Sounds like you are doing an excellent job with your debt and the family!


----------



## PNP Katahdins (Oct 28, 2008)

Amy, I'll bet the school system and CPS in your area have seen much worse conditions. You can't be the only family! Might be a good idea to have a backup plan though. Sounds like you are doing fine.

Peg


----------



## Pink_Carnation (Apr 21, 2006)

In some states depending on age girls and boys can't sleep in the same room. That would be the first thing I would look into. You could always grab some coins and call cps from a pay phone and ask about it.


----------



## georgec (Jul 9, 2007)

RiverPines said:


> I dont know your state but in Wi that would be a big risk!
> Here we are regulated to death and living in a camper with kids is a nono.
> 
> I know here, in Wi, I wouldnt risk it. Heck kids talk and say the wrong thing to the wrong person or have family that disagrees with your idea and CPS is at the door looking for a reason to make your life hell!!


I find this very hard to believe. You don't have trailer parks in WI?


----------



## RiverPines (Dec 12, 2006)

georgec said:


> I find this very hard to believe. You don't have trailer parks in WI?


A mobile home is different from a camper. 
Campers are not meant for permanent living and our state is the master of regulating everything to death!
Heck mobile homes are not easy to place on private land. To many townships just wont allow them!!
Some only allow double wides. They want them to look like regular houses.
Some townships have banned then except for pre-existing units on private land and in trailer parks.
Wi is one state were you can by 100 acres of land but you may not get permission to put a mobile home on it if you want.

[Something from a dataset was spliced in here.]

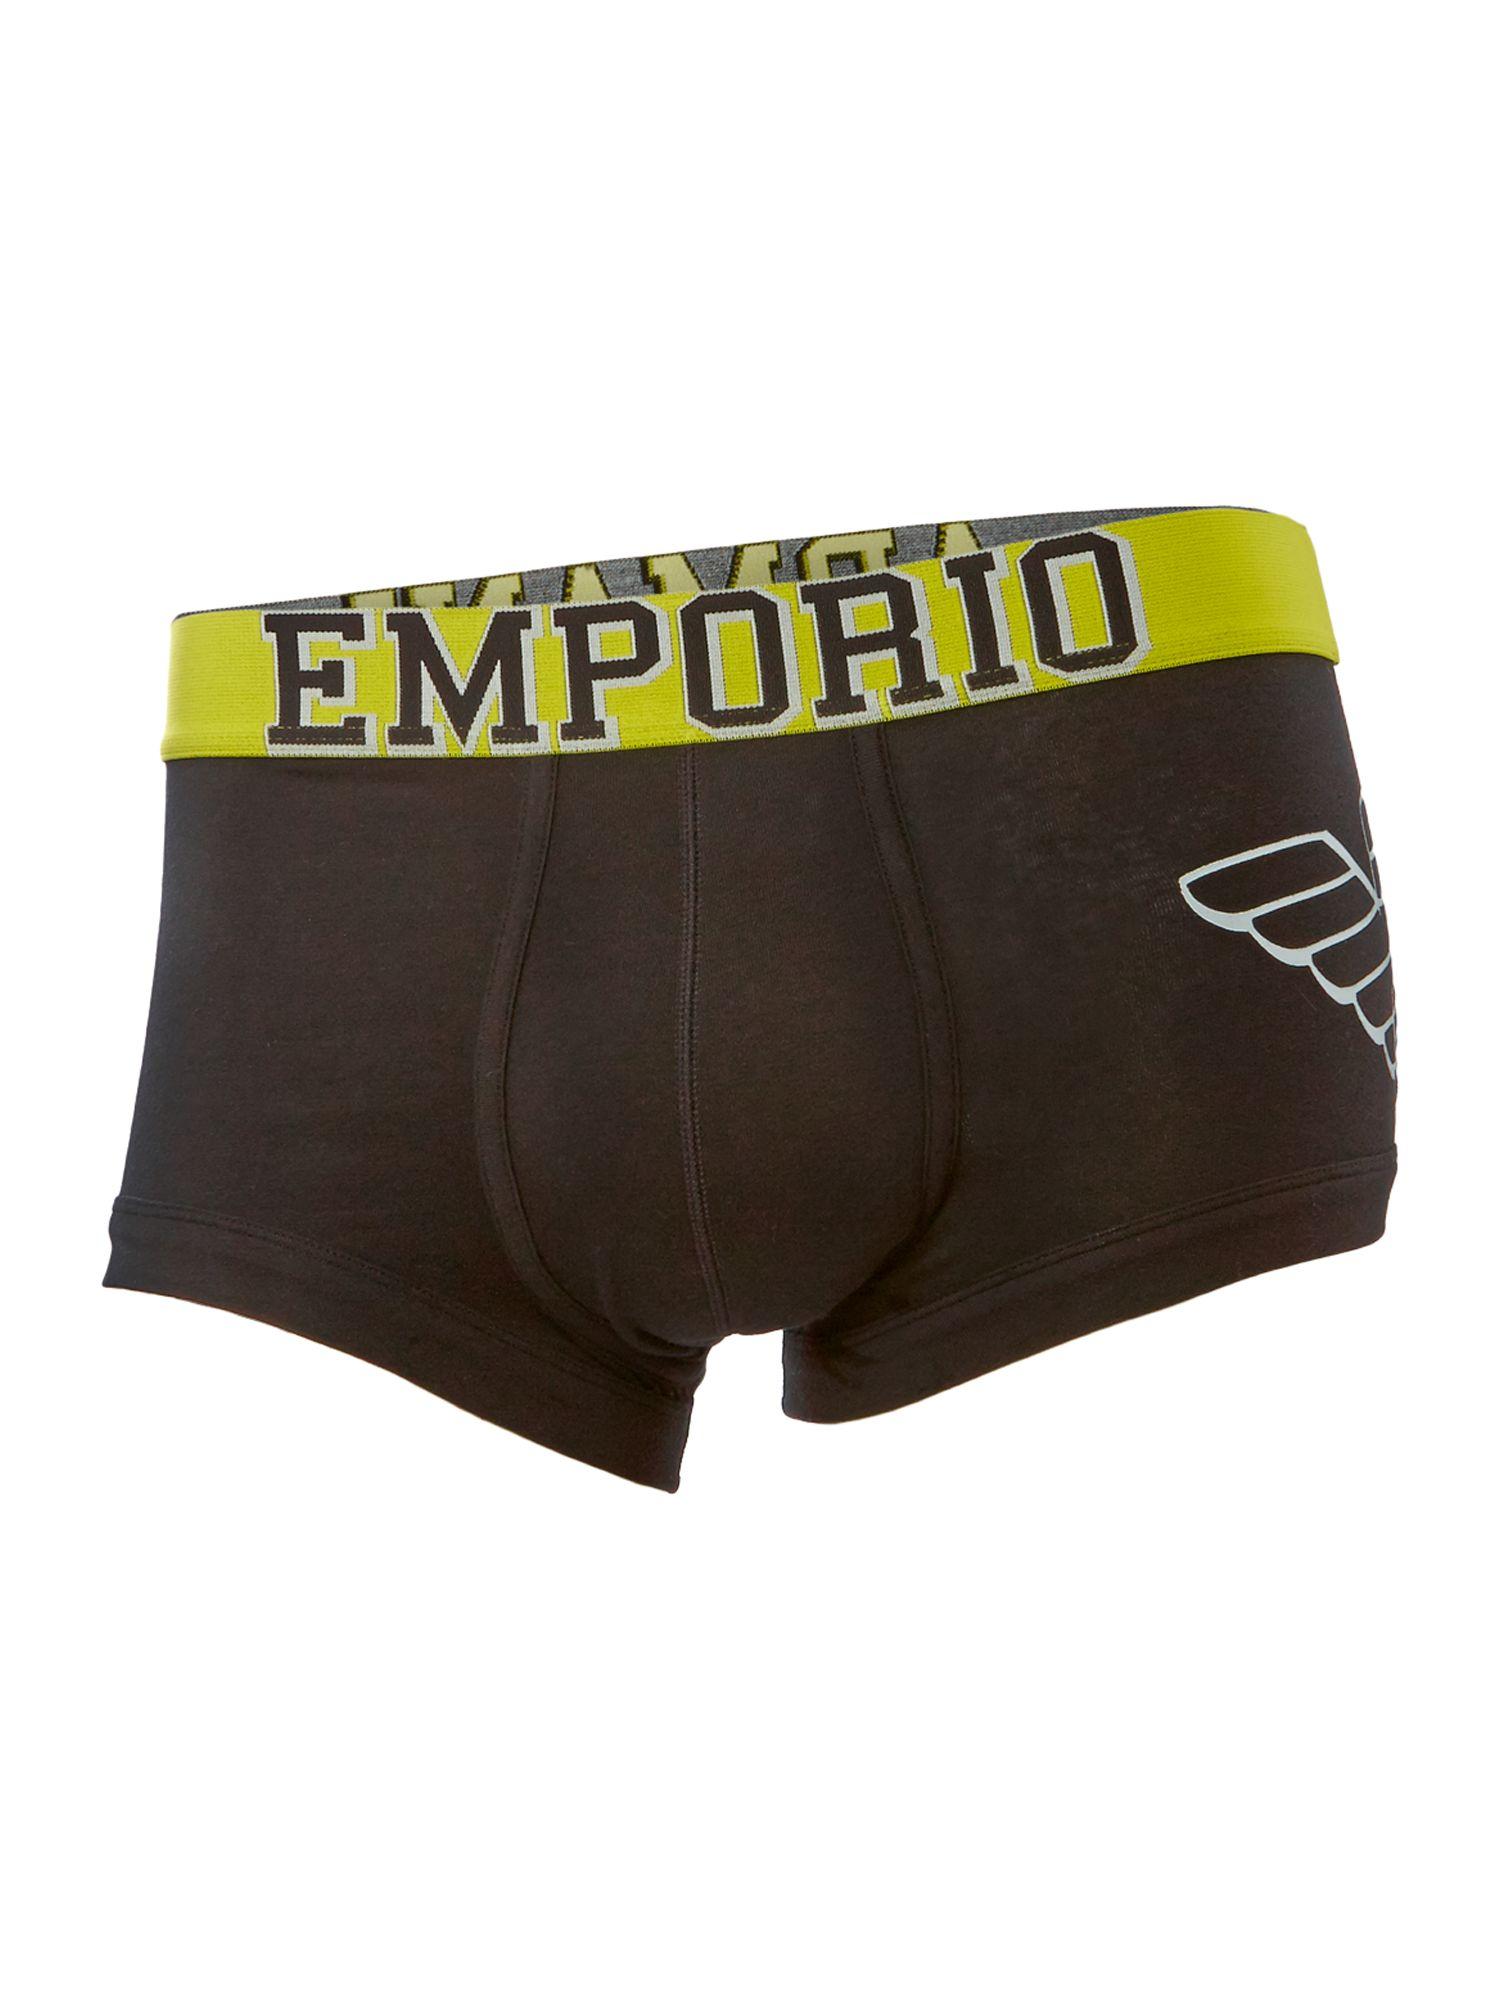 Emporio armani side eagle logo trunk in black for men lyst - Emporio giorgio armani logo ...

Much of Wi is anti-mobile homes and no living in campers with children.


----------



## horsepoor21 (Mar 14, 2007)

I know nothing about insulating but my husband has been talking to all the guys that live in campers year round here , and has lots of ideas . 

Our camper is a "4 seasons" so it's insulated more than other campers would be , but we have plans of adding LOTS more to be on the safe side .

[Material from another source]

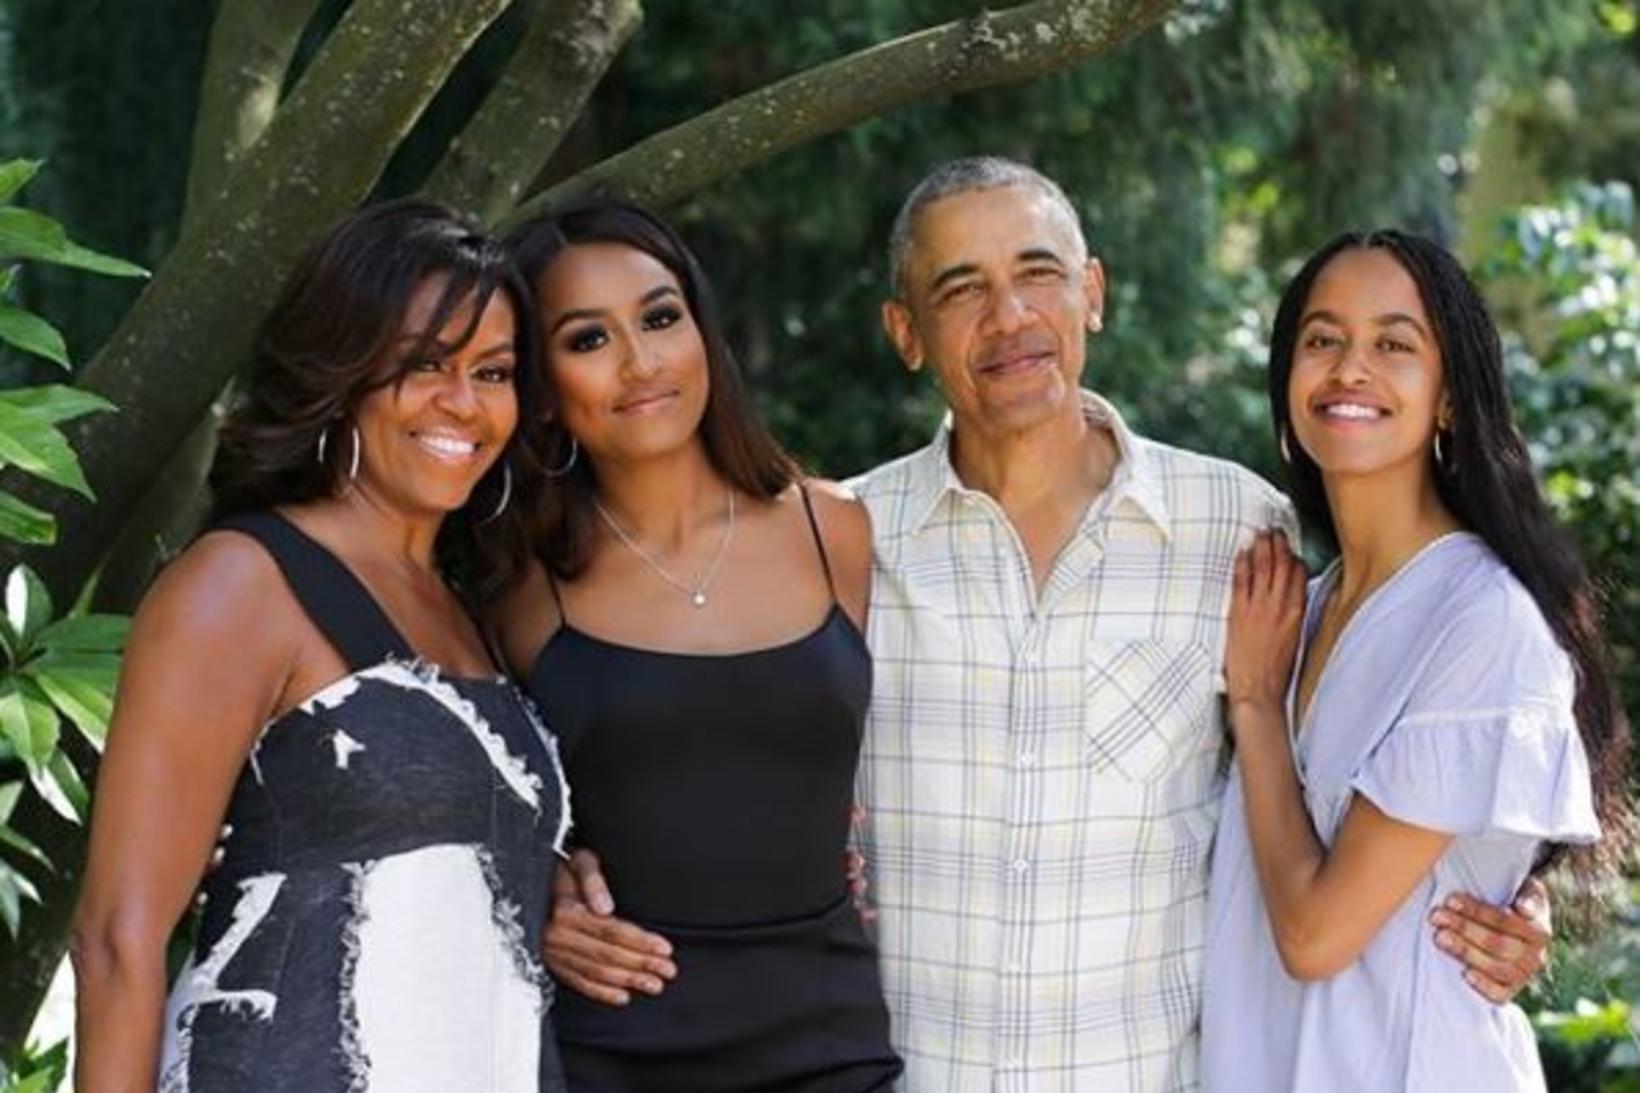 Sasha Obama stendur á milli foreldra sinna.

My parents have invited us to live with them in MN for the winter if it just doesn't work out . Of course , my hubby will still be stuck here with 4 goats , a horse and tons of poultry so I really want to make this work !

Jan in CO > Thankyou for the advice! I will start searching for one now !

Fordy > We've lived here since March and while I know that is technically spring , we had some NASTY blizzards and we didn't have insulation yet and we stayed warm ! So I'm thinking with the insulation , the skirting to keep the wind from whipping thru underneath , and the Eden Pure heaters , we should be okay ?


----------



## fordy (Sep 13, 2003)

................One more point of consideration , .......IF , this trailer has exposed pipes under the trailer they Need to be wraped with Heat tape AND Insulated , extremely , WELL ! Skirting , prevents the wind and snow from circulating around and UNder the trailer , it won't stop the pipes from freezing . IF , it's -50 outside it'll be -50 under the trailer as well , minus the wind chill . Also , have the skirt builder fabricate an Entry door , just in case you need access ! Having to crawl around under a trailer when it's below zero and completely , dark , is Miserable work at best . Might want to add some lights under there as well . The better prepared you are for extreme temps the better you can deal with problems , when DH can't come home ! , fordy:cowboy:


----------



## ihedrick (May 15, 2005)

Could you make an anamous call to CPS and ask their standpoint? Police may not be able to say; our sherrif relies on the guidance of CPS to define child abuse/neglect etc. I would think that as long as basic needs are being met, and boys/girls have separate area; even if by a sheet hung. Plus having a back up plan of going to the parents place is good. Or you could even say the local motel is your back up if things get too rough. I know a lady in my county that used the motel as a home so they wouldn't take the kids because her house was really rough. If things look good; I'd definately go for it. Being debt free is a good environment for the kids!


----------



## NCLee (Aug 4, 2009)

I read somewhere that people living in them in cold climates have used hay bales for insulation around the bottom and up the sides for extra insulation. Naturally any vents, such as the one for the propane refrigerator must remain clear. 

Agree, that if the land owner will permit to add some type shed to cover the front door and provide an air lock. Not only will it shelter the door, it'll give you more storage and a place for the kids to play when the weather permits.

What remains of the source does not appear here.